His death was confirmed by Cynthia Small Blank, his daughter-in-law.

Mr. Blank was one of eight computer scientists who in 1957 founded the Fairchild Semiconductor Corp. in Palo Alto. He was one of only two in the group who had experience in manufacturing.

So after the scientists’ initial research to find an inexpensive way to make silicon computer chips - a breakthrough that persuaded an investor to stake them $1.5 million - the task of building the machinery to mass-produce them fell to Mr. Blank and another engineer in the group, Eugene Kleiner.

The two scrounged parts, improvised equipment, and tooled a set of machines that essentially became the first assembly line for the basic building blocks of the electronic world: electronic circuits made from silicon chips.

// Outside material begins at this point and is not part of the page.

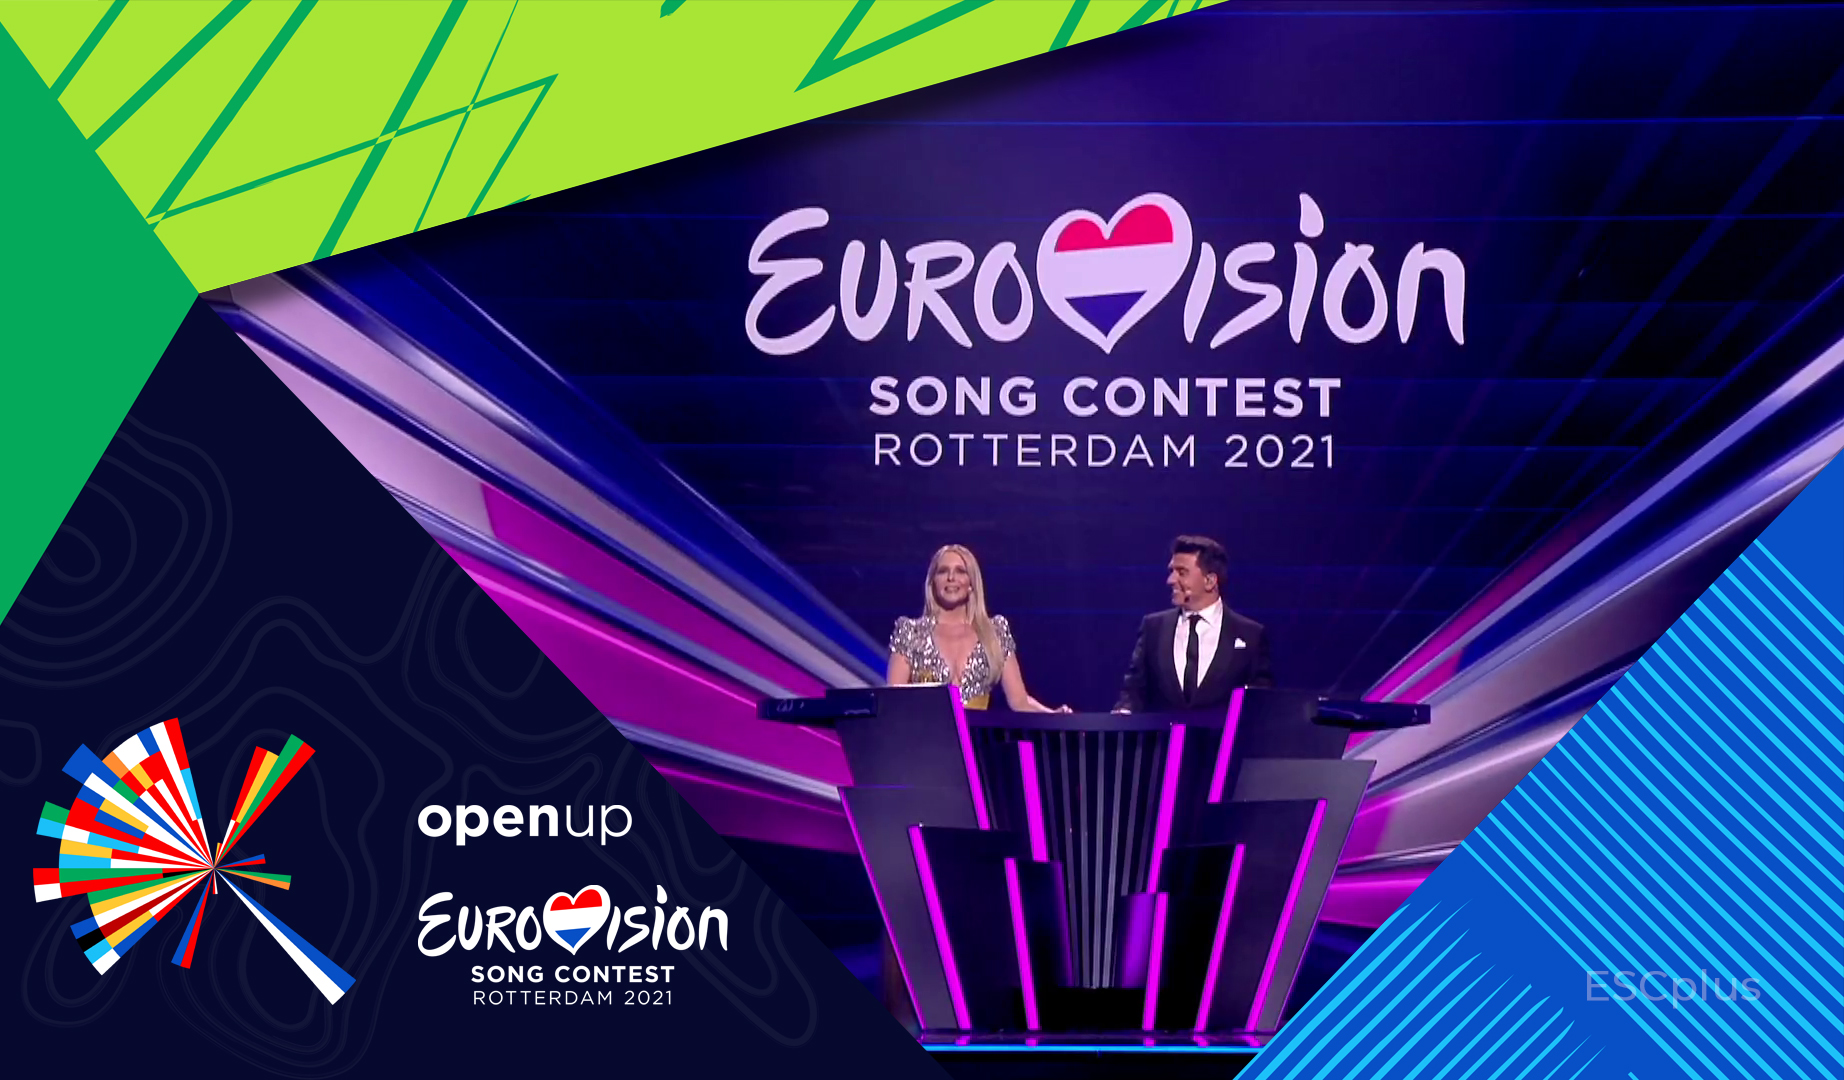 Eurovisión 2021 – Segunda Semifinal: ¡Éstos son los 10 países clasificados para la Gran Final!

“In those days, you couldn’t go out and buy these things off the shelf,’’ said David C. Brock, who with Christophe Lecuyer wrote “Makers of the Microchip,’’ a 2010 history of Fairchild Semiconductor. “They had to build everything, starting with the equipment for growing silicon crystals.’’

Mr. Blank and his partners - among them Robert N. Noyce and Gordon E. Moore, future founders of the Intel Corp. - began their venture as scientist-entrepreneurs following a mutiny of sorts against their common previous employer, the Nobel Prize-winning physicist William B. Shockley.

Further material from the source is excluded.